All too often politicians stick their fingers to the wind and check public opinion before taking action. That is the problem. People like Kasich are successful without politics. He doesn’t need the small wage of what an Ohio Governor makes. It’s not important to him to see his name on the signs welcoming people to the state, because he’s in the job to do the job. Not to fill his ego.

Heads of companies tend to do the work of balancing the budget of companies without worrying about whether or not they make all the employees angry, because they are the boss. And a boss can’t get wrapped up in popularity. All that really matters is if the state remains financially stable so we can live our lives in the state, and it’s the governors job to make sure that happens.

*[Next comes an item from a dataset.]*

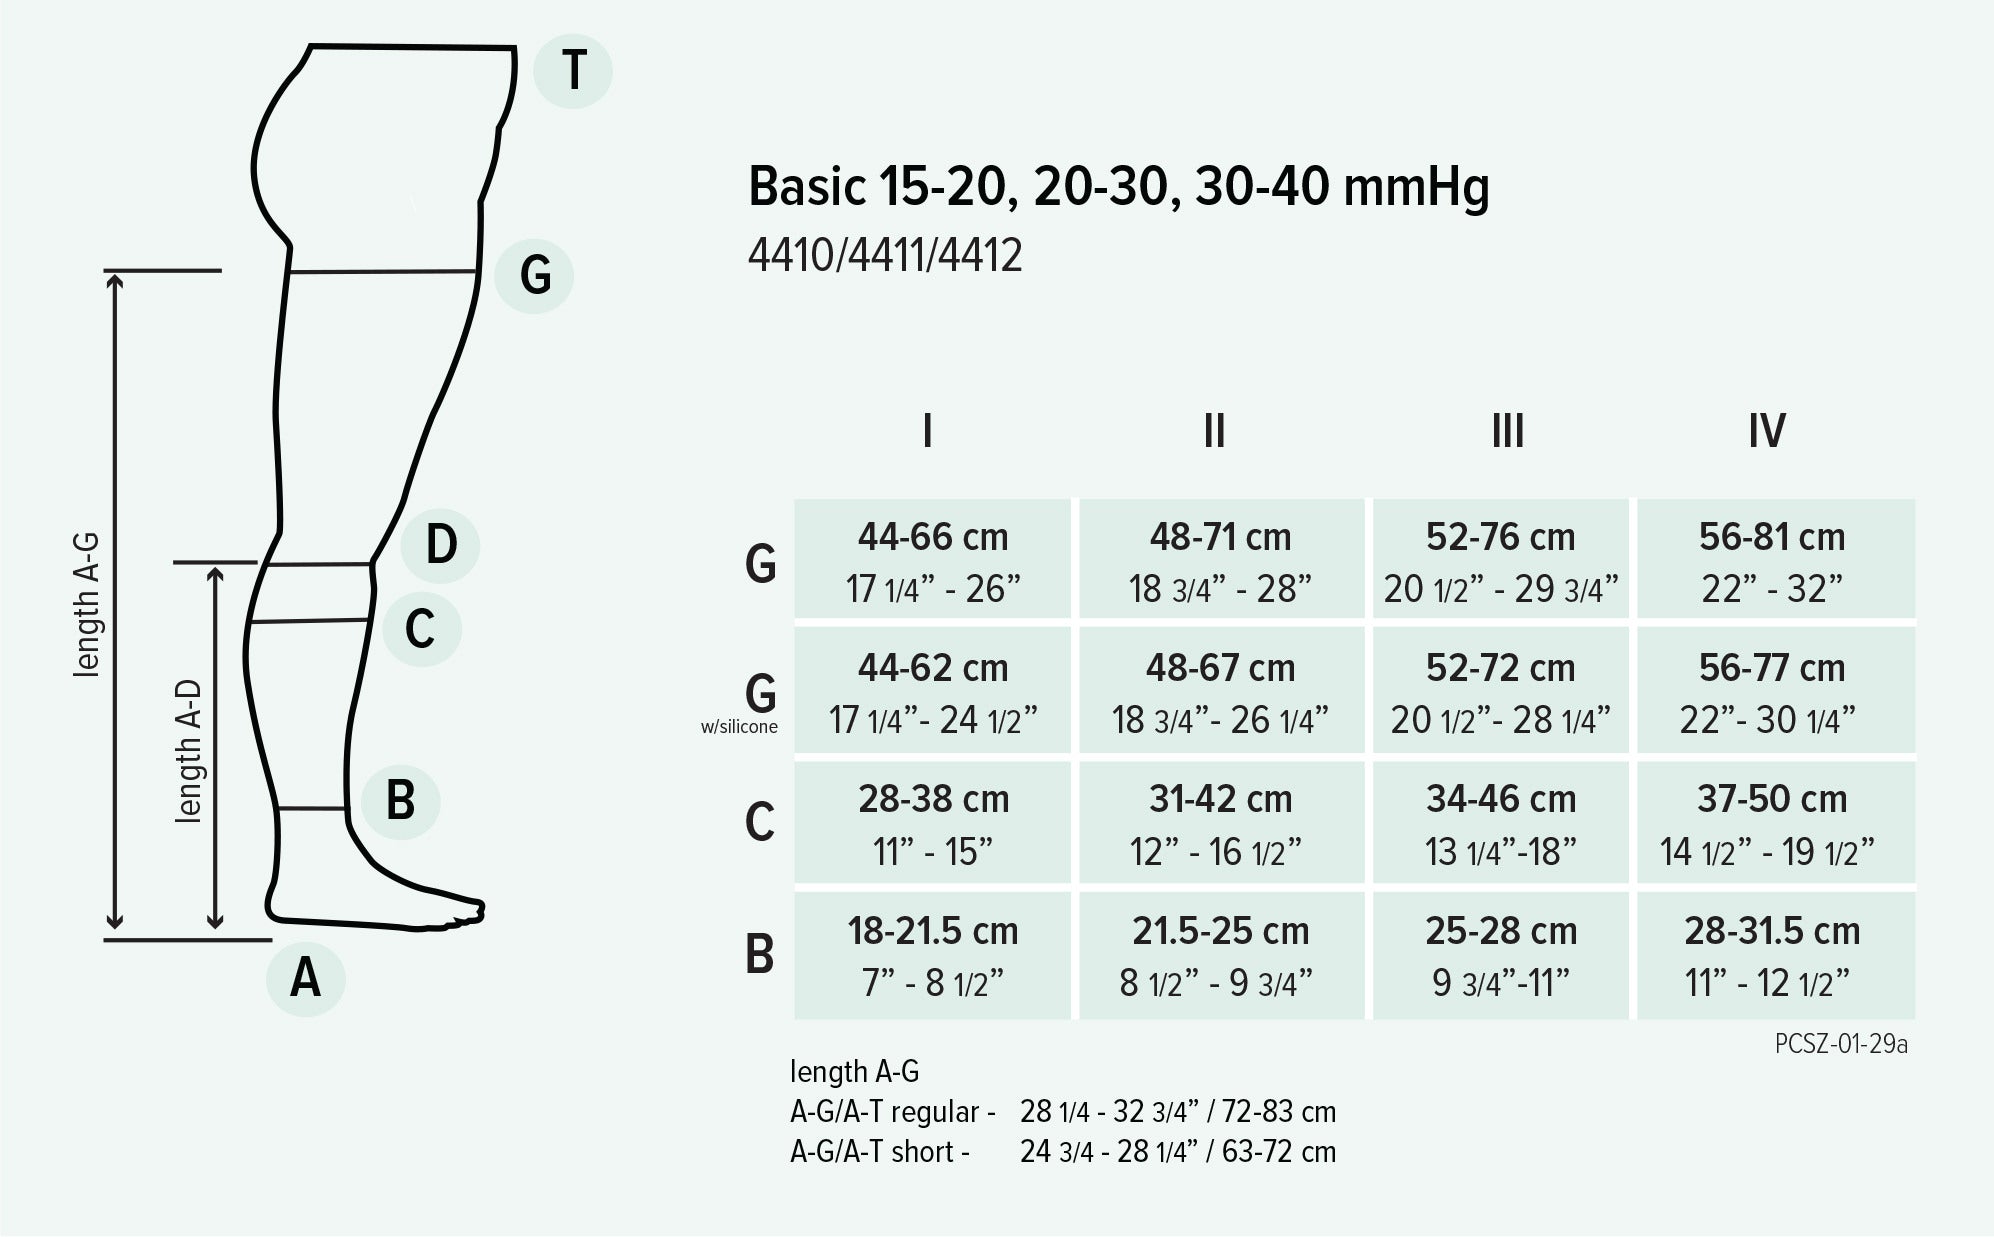 Juzo Basic Knee High 20-30 mmHg Full Foot Stockings Size Chart

If you’re the kind of person looking for the government to do something for you, then you won’t like Kasich, because you have misread the intention of government and have bought into the “great lie” of Progressives. But if you want government to get out of our way, so we can create jobs, live out our lives, and not have all the money that should go to savings going to a bunch of “air headedprogressive programs, it is with great relief to hear a governor on the edge of taking control of the state government, that professes the attitude that he’s here to do the job, not begin running for the next public office so he can get the benefits of inflated public entitlements.

That’s what you get when you put people who are independently successful in office, instead of some mindless parasites that are clueless as to how the world works!